Pesticide Risk & Respiratory Health Modeling

Apr 15, 2026·
Allison Londerée
· 3 min read
County-level asthma and COPD risk map from the live product.
work

As part of a Spring 2026 team project, I worked on a county-level modeling pipeline that linked pesticide exposure estimates to respiratory health burden in the United States. The goal was to build a planning-oriented model that could help public health stakeholders identify where asthma and COPD burden may warrant closer attention—while explicitly accounting for the ethical and equity implications of doing so.

Highlights

  • Built county-level XGBoost models to estimate relative asthma/COPD burden tied to pesticide-related context.
  • Published an interactive map for planning and resource prioritization, not diagnosis.
  • Paired performance metrics with equity/error analysis to make limits and risks explicit.

Problem

Agricultural pesticide use varies substantially by crop and region, and exposure risk is not evenly distributed. These differences often intersect with existing structural inequities in environmental exposure and healthcare access.

Public health agencies, health systems, and insurers need tools to prioritize prevention and outreach, especially when resources are limited. However, tools that surface “high-risk” areas can unintentionally reinforce stigma or obscure underlying structural drivers if not carefully designed and interpreted.

This project asked a practical question: can we combine public exposure, land-use, and health data to flag counties where pesticide-related respiratory burden may be higher—while maintaining transparency about uncertainty and equity impacts?

Approach

We built a county-year modeling pipeline for 2018 and 2019 that joined pesticide use estimates with respiratory-health outcomes and county context. The final product included both a documented modeling workflow and a public-facing GitHub Pages site with an interactive county risk map.

From the outset, the work was framed as a population-level planning tool, not a diagnostic or causal system. We paired model development with a “justification-for-proceeding” framework to surface assumptions, risks, and potential downstream harms before they became embedded in the system.

This included:

  • defining appropriate use (resource prioritization, not individual prediction)
  • identifying potential misuse (e.g., stigmatizing communities or over-attributing causality)
  • evaluating how model errors might differentially impact populations

Methods

The modeling dataset combined:

  • CDC PLACES county-level indicators, including asthma, COPD, smoking, obesity, and diabetes
  • USGS / EPA pesticide use estimates
  • USDA Cropland Data Layer features
  • ACS demographic covariates

The final selected model was an XGBoost regressor using a feature set that included 445 pesticide mass features plus baseline demographic, health, cropland, and time covariates.

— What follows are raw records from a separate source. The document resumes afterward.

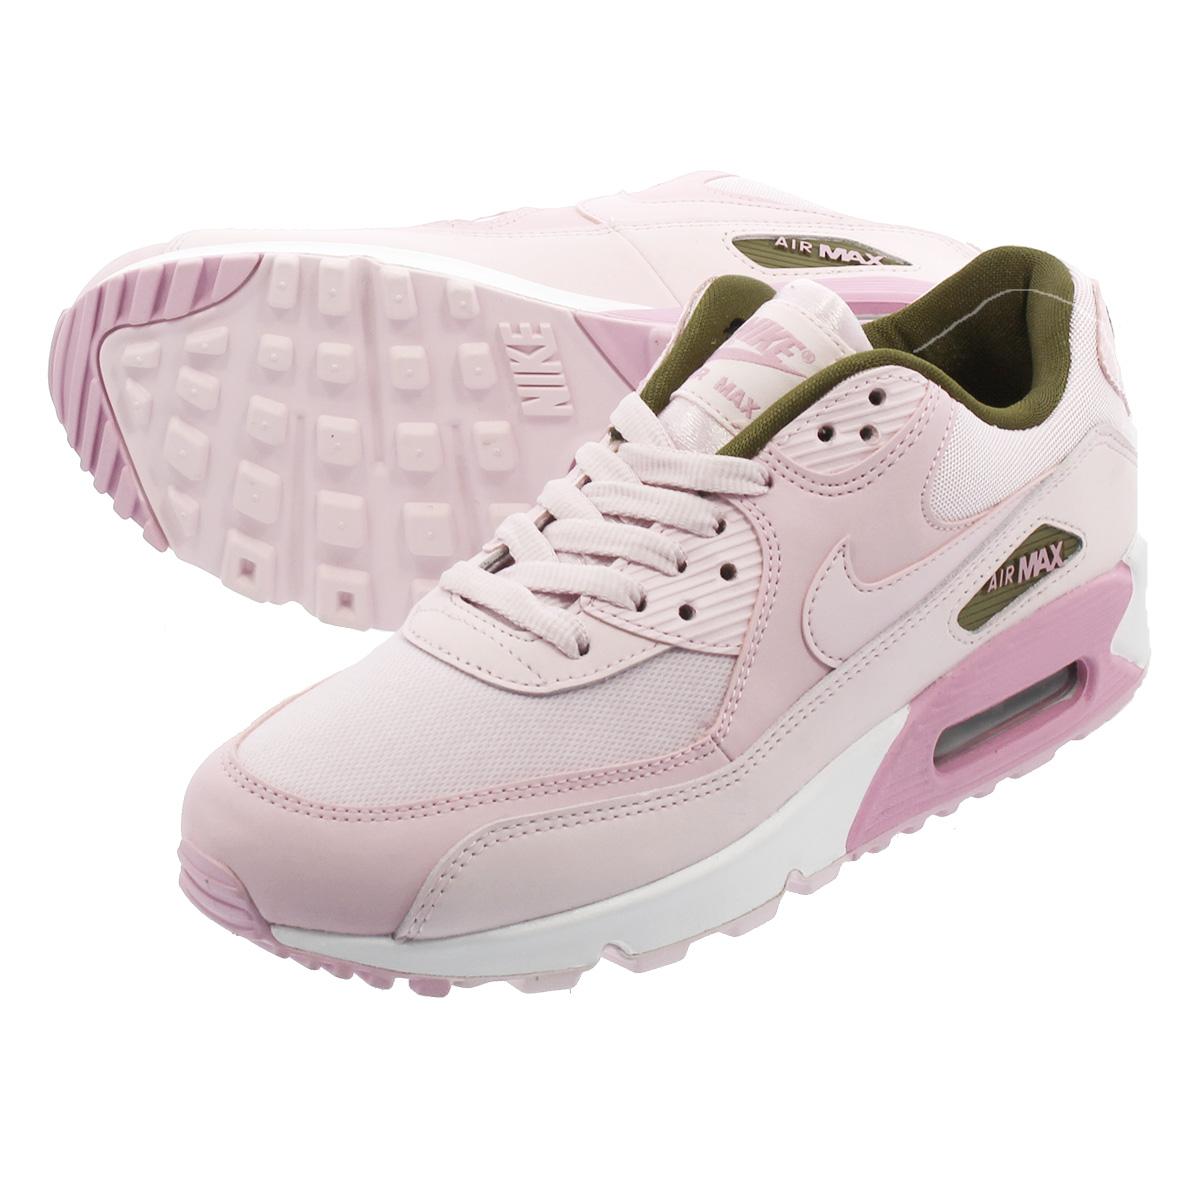 NIKE WMNS AIR MAX 90 SE Nike women Air Max 90 SE PINKWHITE 881,105 605
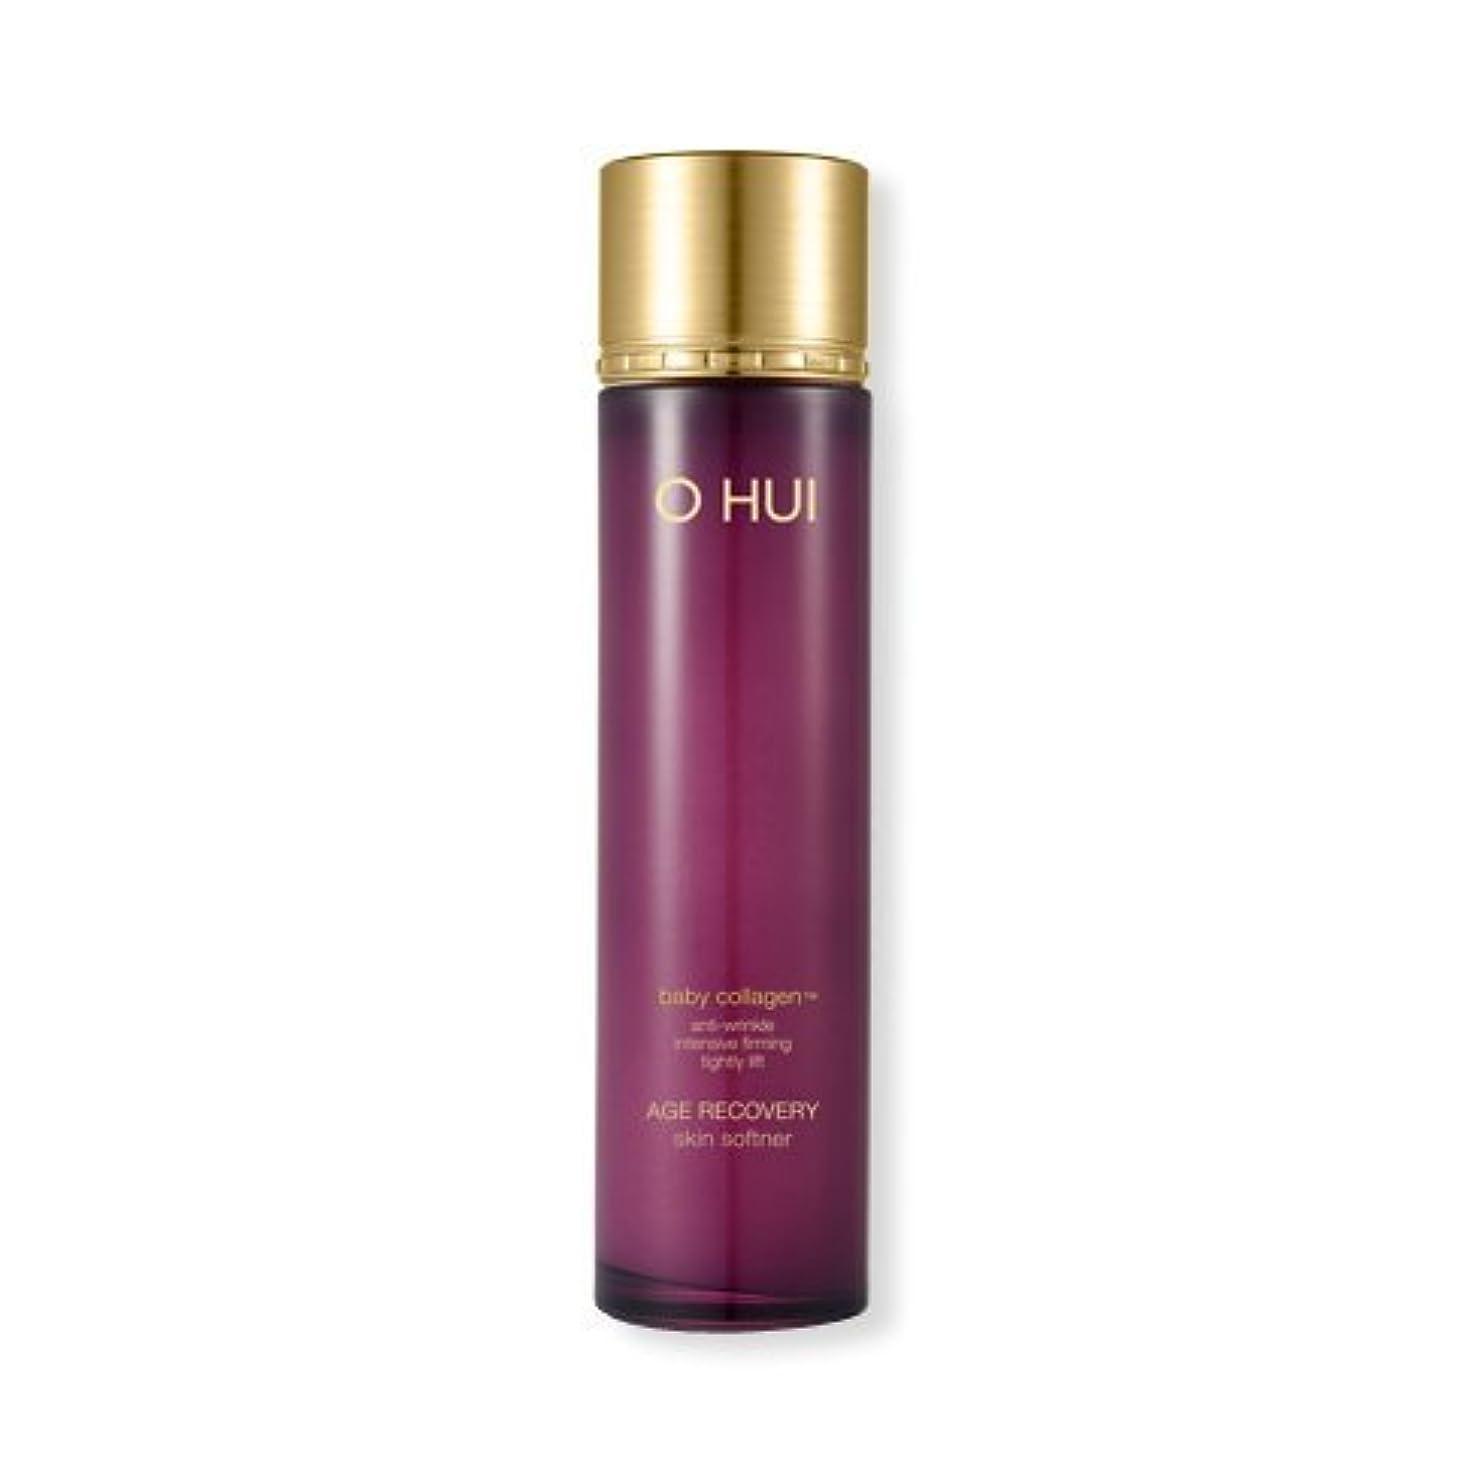 OHUI Age Recovery Skin Softener 150ml/オフィ エイジ リカバリー スキン ソフナー 150ml [並行輸入品]
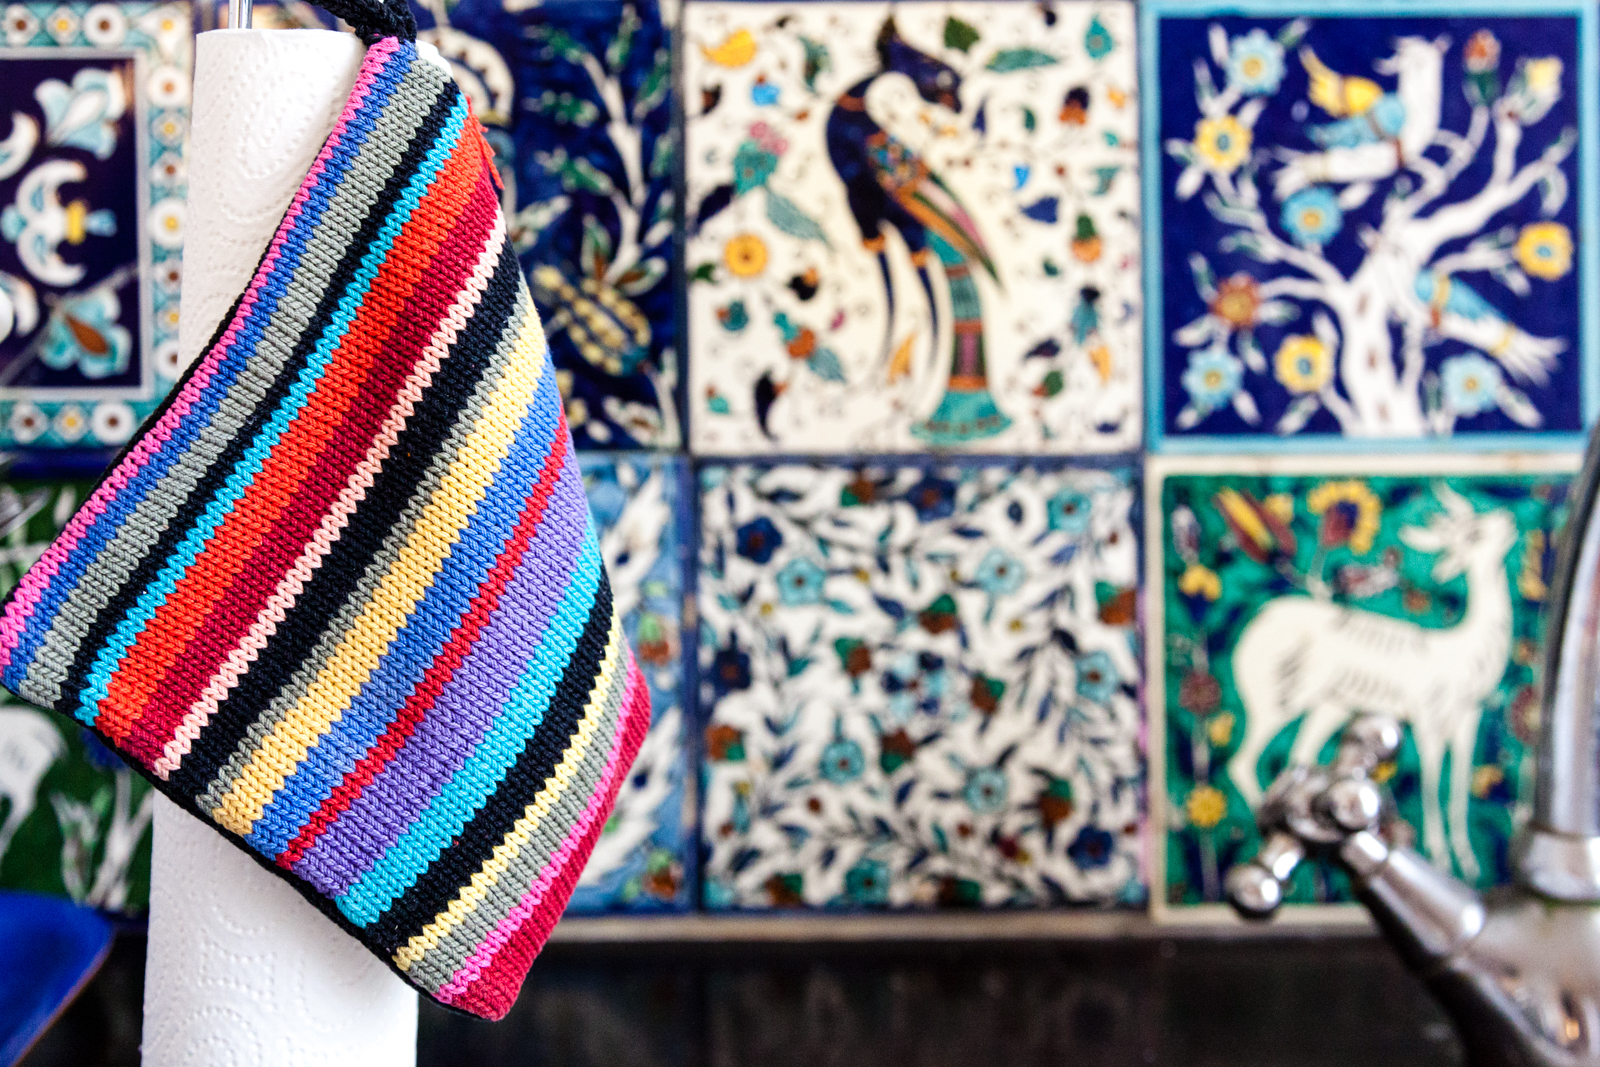 Tiles and Knitting Wear from Gunilla Weinraub
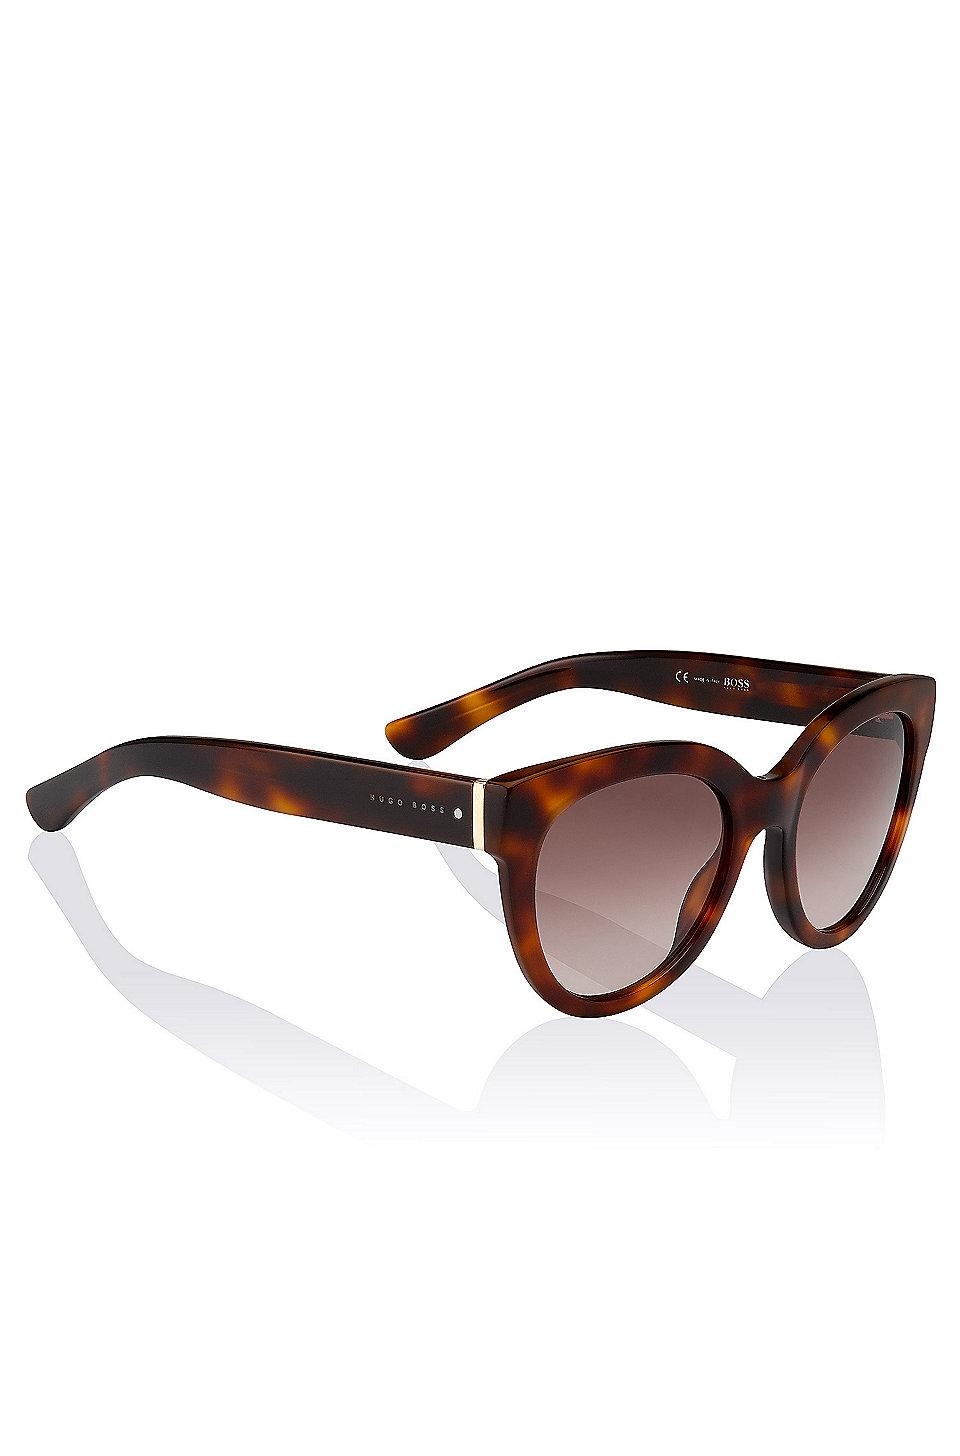 Sonnenbrille 'BOSS 0675' aus Acetat und Metall hdXHt0v
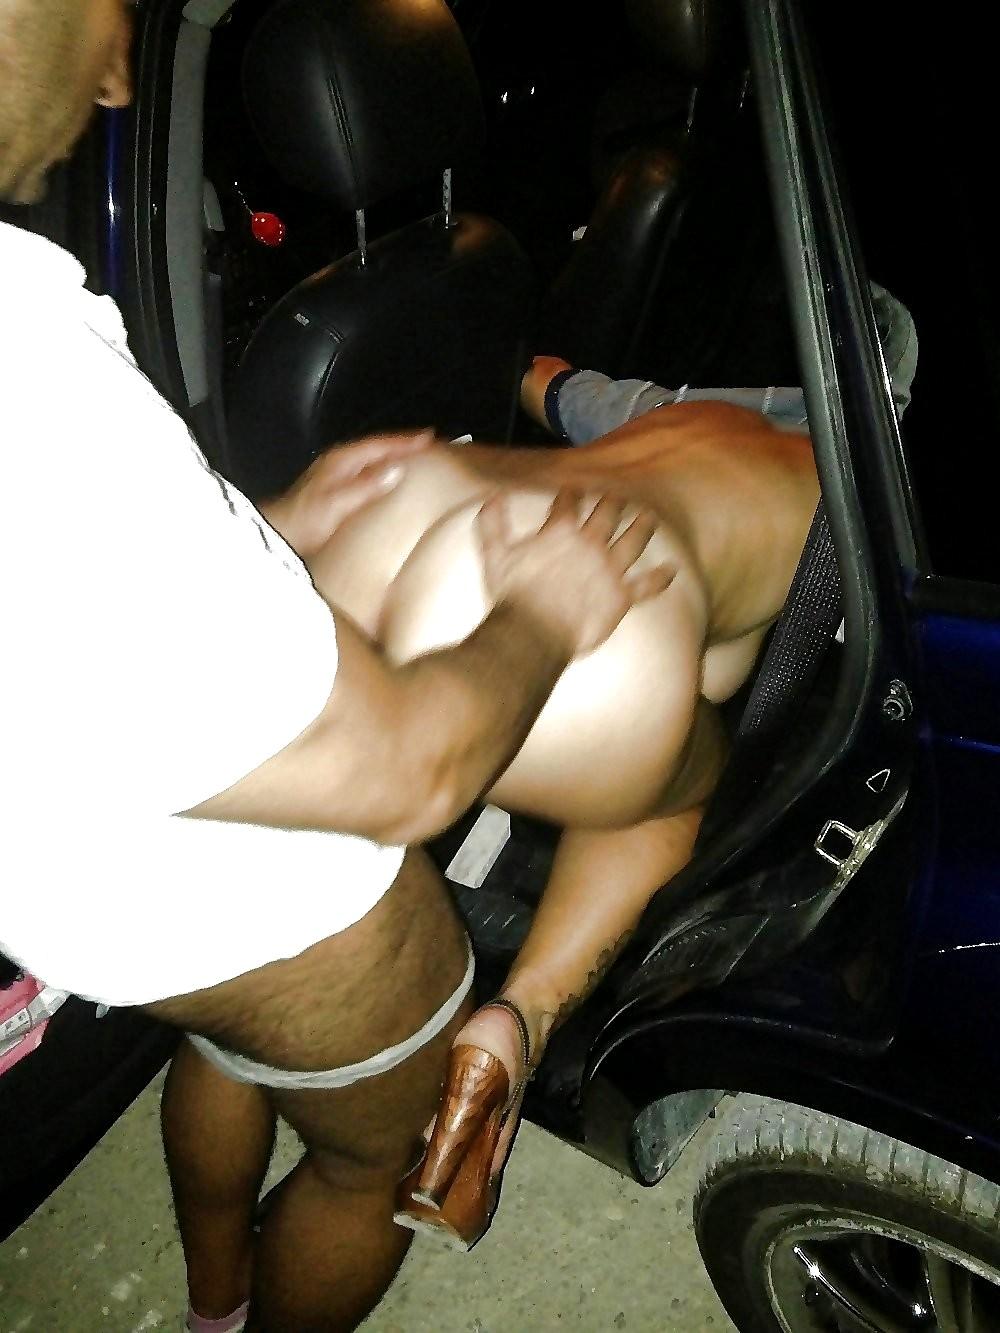 Car Sex Shoot By Infrared Camera Voyeur

In addition to standard modeling steps (exploratory analysis, spatial train/test splitting, hypothesis testing, and holdout validation), we conducted equity-focused evaluation:

  • compared model error across demographic and geographic subgroups
  • examined whether prediction accuracy varied systematically in counties with different socioeconomic or population characteristics
  • assessed where data sparsity or measurement limitations could bias results

The project also included model-card style documentation to make assumptions, limitations, and intended use explicit.

Outcome / Impact

The final XGBoost models performed strongly on held-out county-level validation data:

  • Asthma (CASTHMA): R² = 0.835, RMSE = 0.389, n = 1219
  • COPD: R² = 0.885, RMSE = 0.765, n = 1219

The project also produced a live interactive map that translates model output into a more usable planning interface for non-technical stakeholders.

Importantly, the equity analysis surfaced a meaningful gap:

  • model performance was not uniform across counties, with higher error observed in some regions with different demographic compositions and data coverage
  • this suggests that the areas most affected by environmental and health inequities may also be those where predictions are less reliable

This finding shaped how we positioned the tool:

  • as a starting point for investigation, not a definitive ranking
  • as a way to guide additional data collection and local validation, especially in underrepresented areas

More broadly, the project reinforced that building useful models in public health requires more than predictive performance. It requires clear communication about:

  • what the model can and cannot say
  • where it may fail
  • and how its outputs could impact real communities if used uncritically

Tools

Python, Jupyter, XGBoost, county-level public health data, geospatial joins, GitHub Pages, model-card documentation, responsible AI frameworks.

Authors
Data Scientist

I’m a data scientist with a PhD in social psychology. My work sits at the intersection of behavioral science, experimentation, and applied analytics, with experience spanning digital health, education research, and product-focused data work.

I’m especially interested in problems where careful measurement changes real decisions: designing experiments, working with longitudinal and behavioral data, building predictive models, and translating technical results into something a product, research, or leadership team can actually use.

Alongside my analytic work, I maintain a studio art practice in encaustic, cold wax, and watercolor.